▶ Task description
Please output the line containing "Royalty free image" and all lines that follow it in the data below, exactly, with no pictures.

▶ Raw data
Segment Open

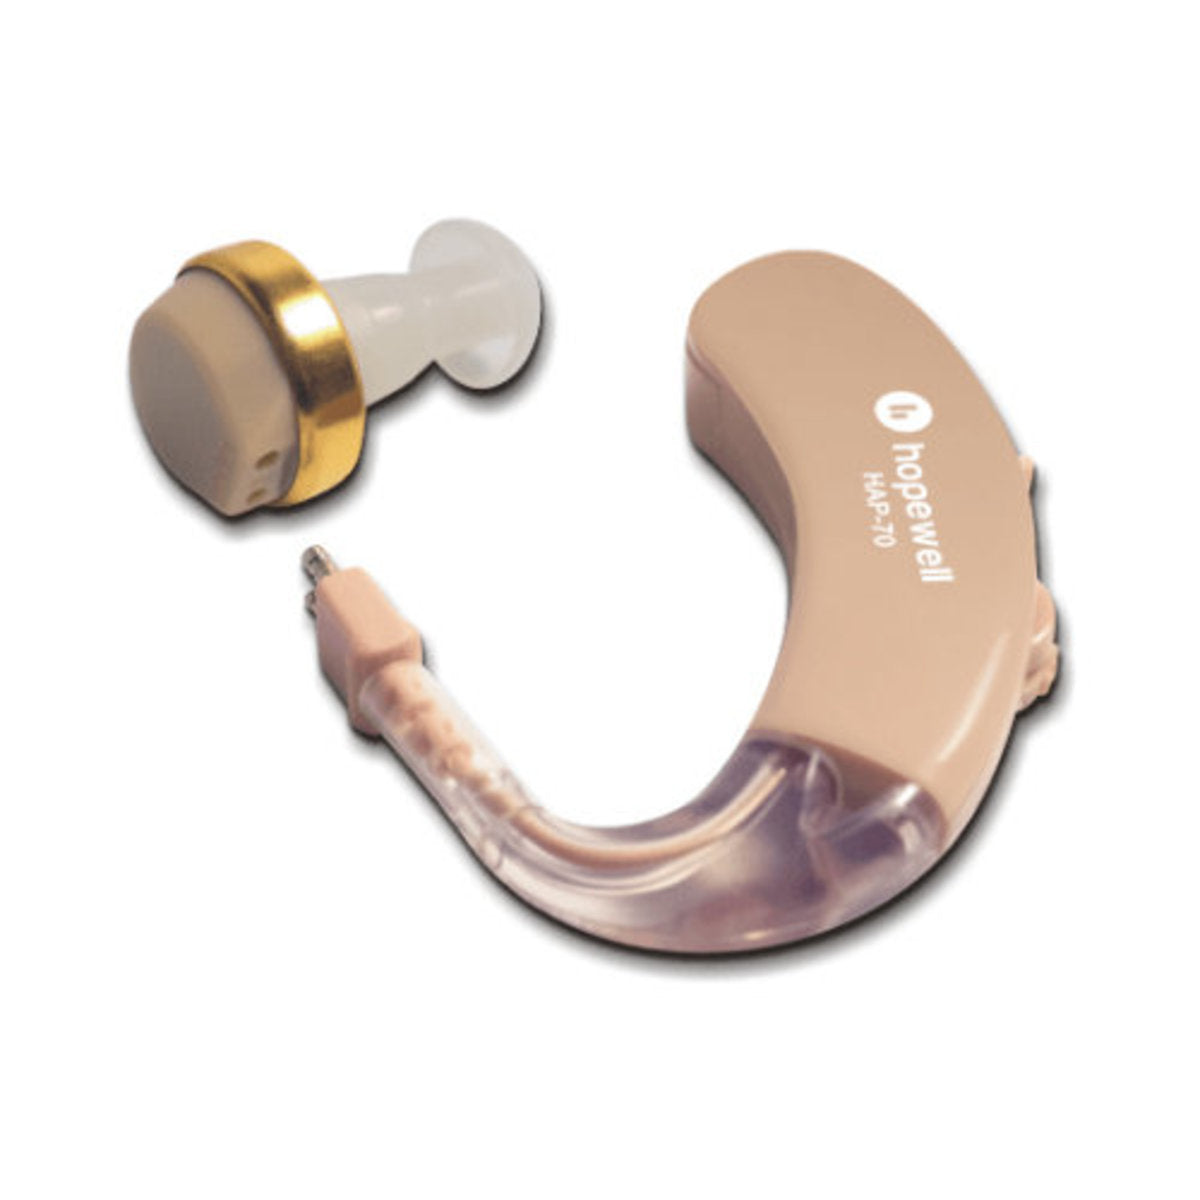 hopewell - HAP-70 (+130dB) over-the-ear hearing aid [Hong Kong licensed]
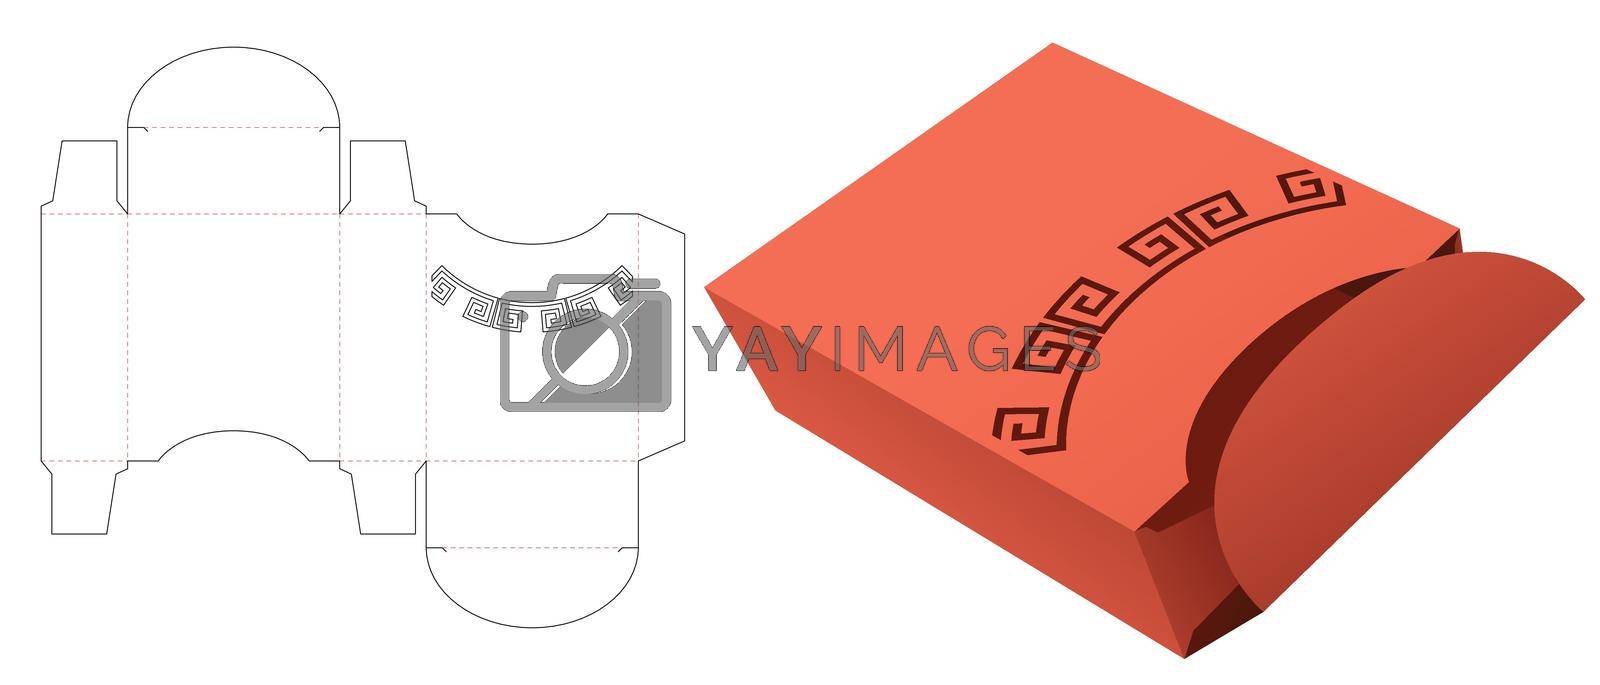 Royalty free image of Cardboard box with stenciled Chinese pattern die cut template by valueinvestor
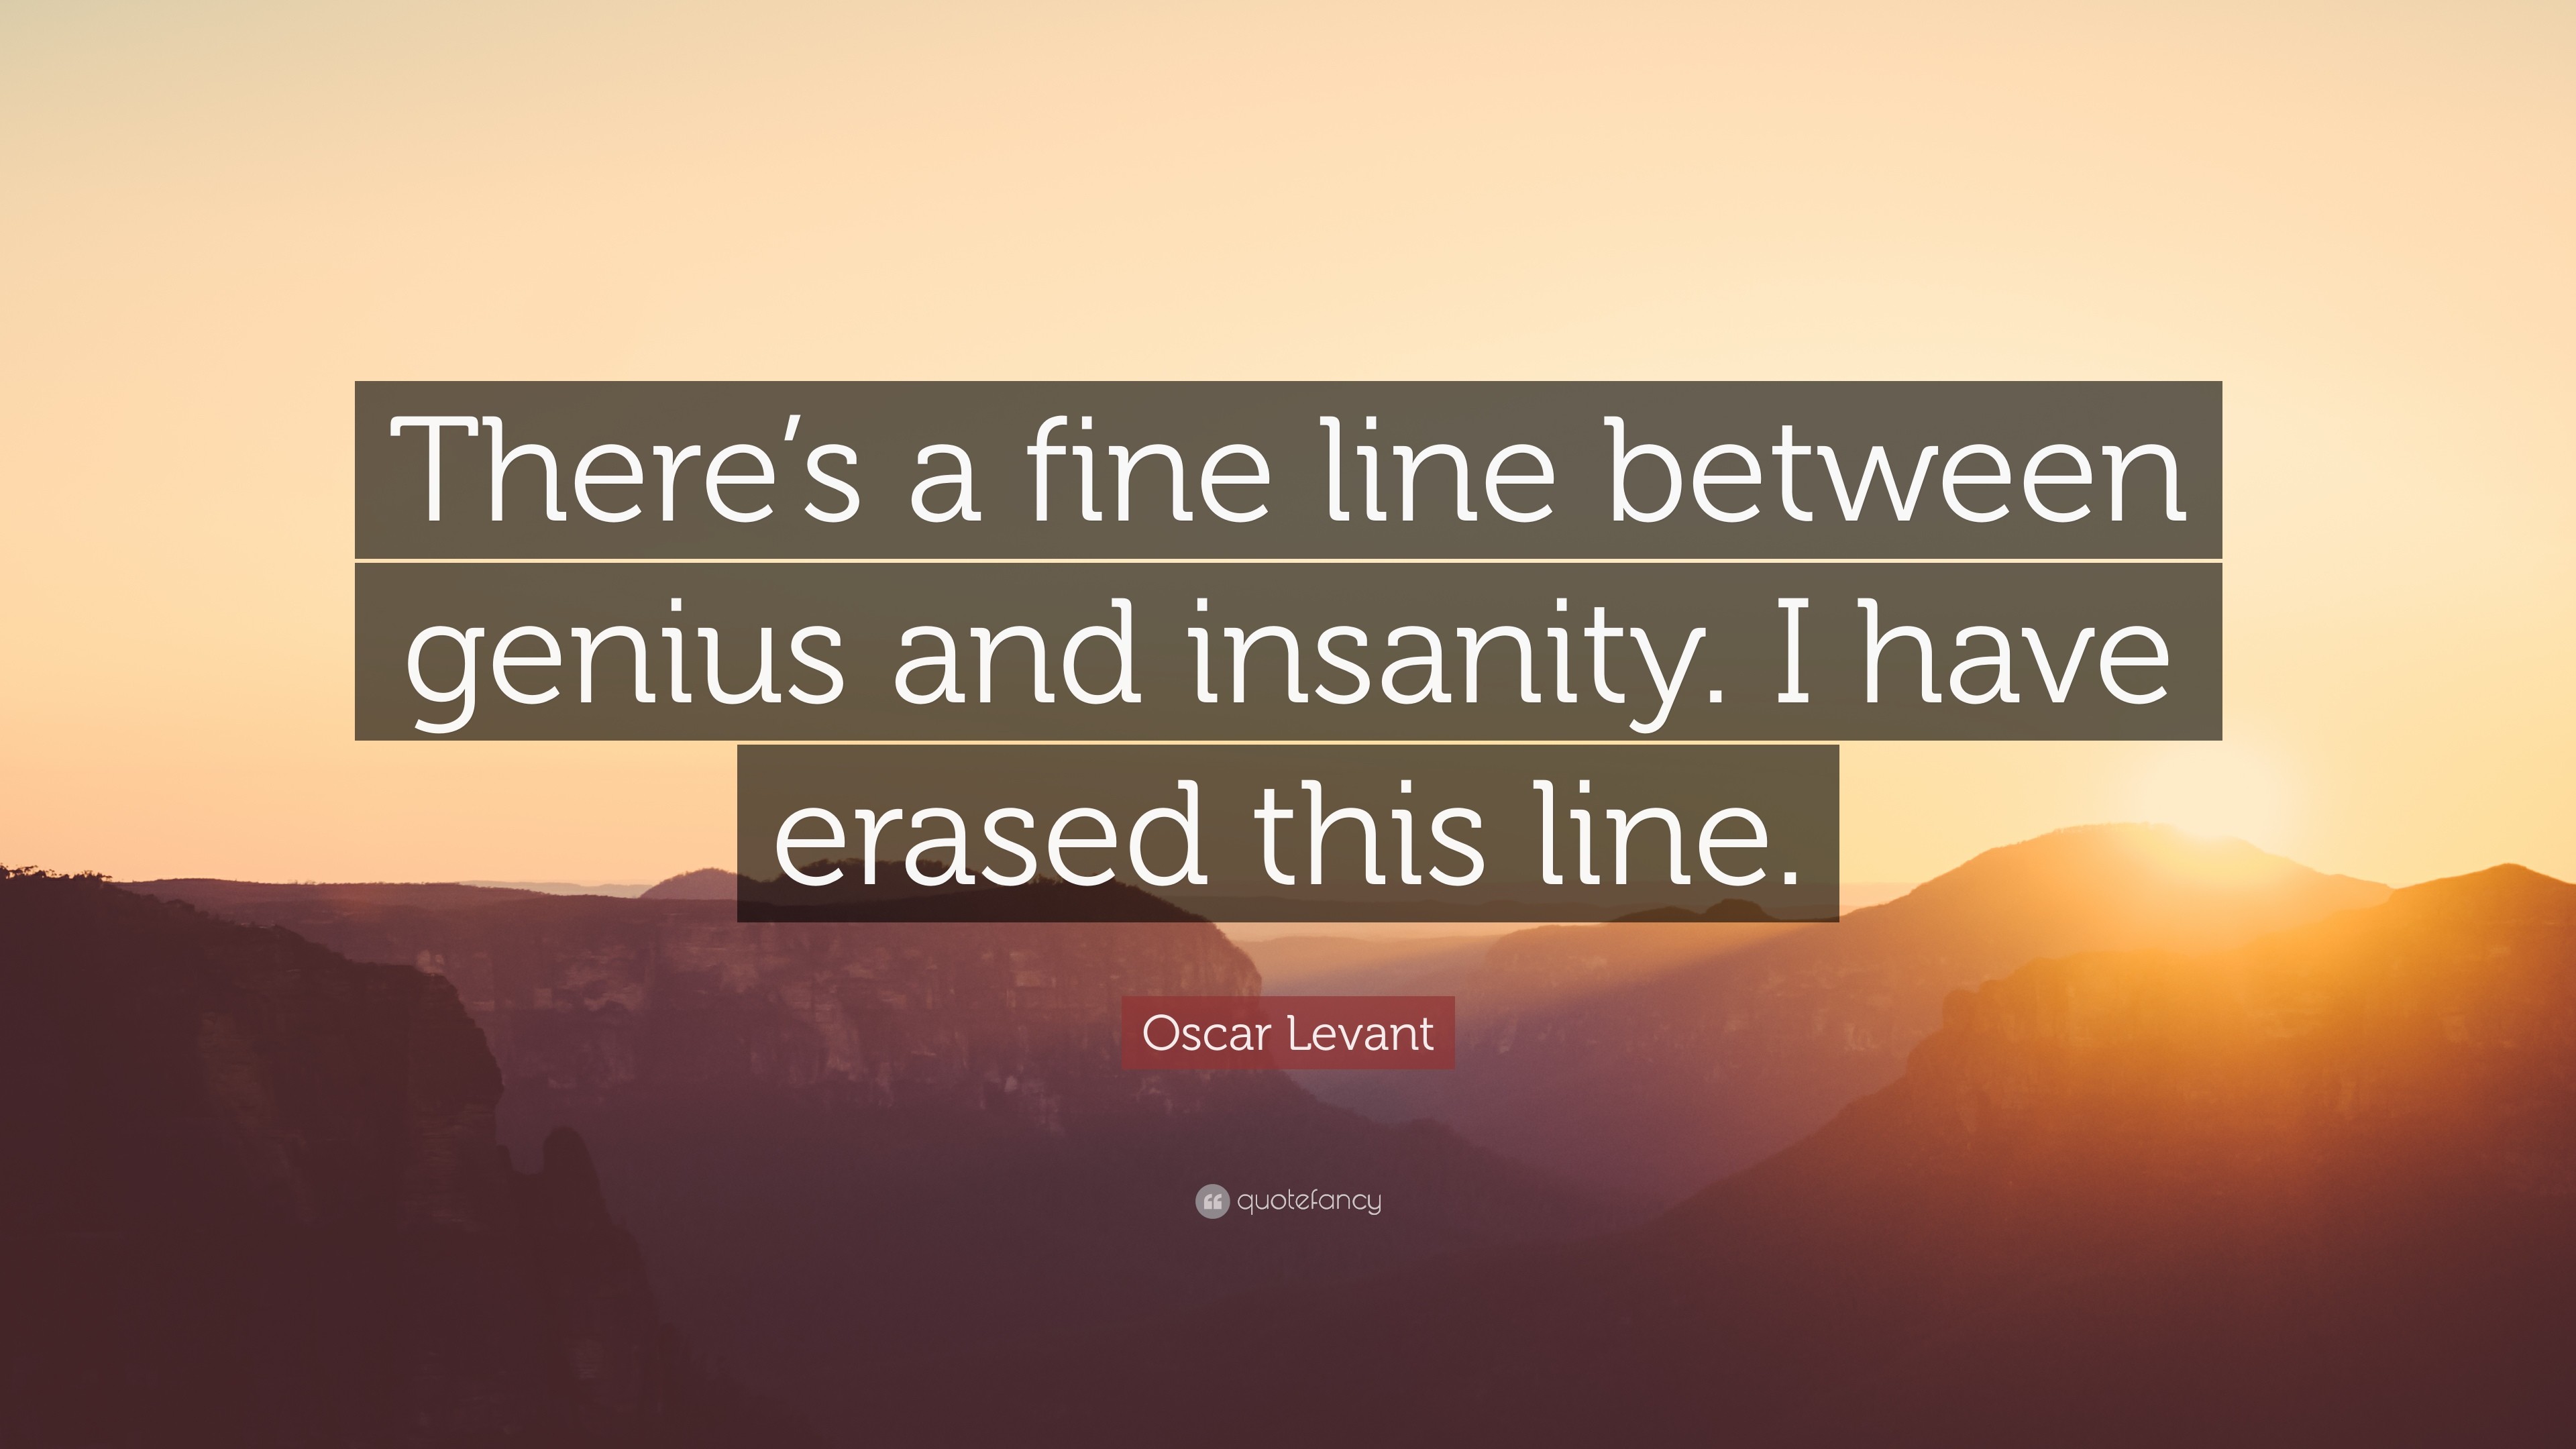 3840x2160 Oscar Levant Quote: “There's a fine line between genius and insanity. I have

Segment Closed

▶ Response area
 Royalty free image of Cardboard box with stenciled Chinese pattern die cut template by valueinvestor
 3840x2160 Oscar Levant Quote: “There's a fine line between genius and insanity. I have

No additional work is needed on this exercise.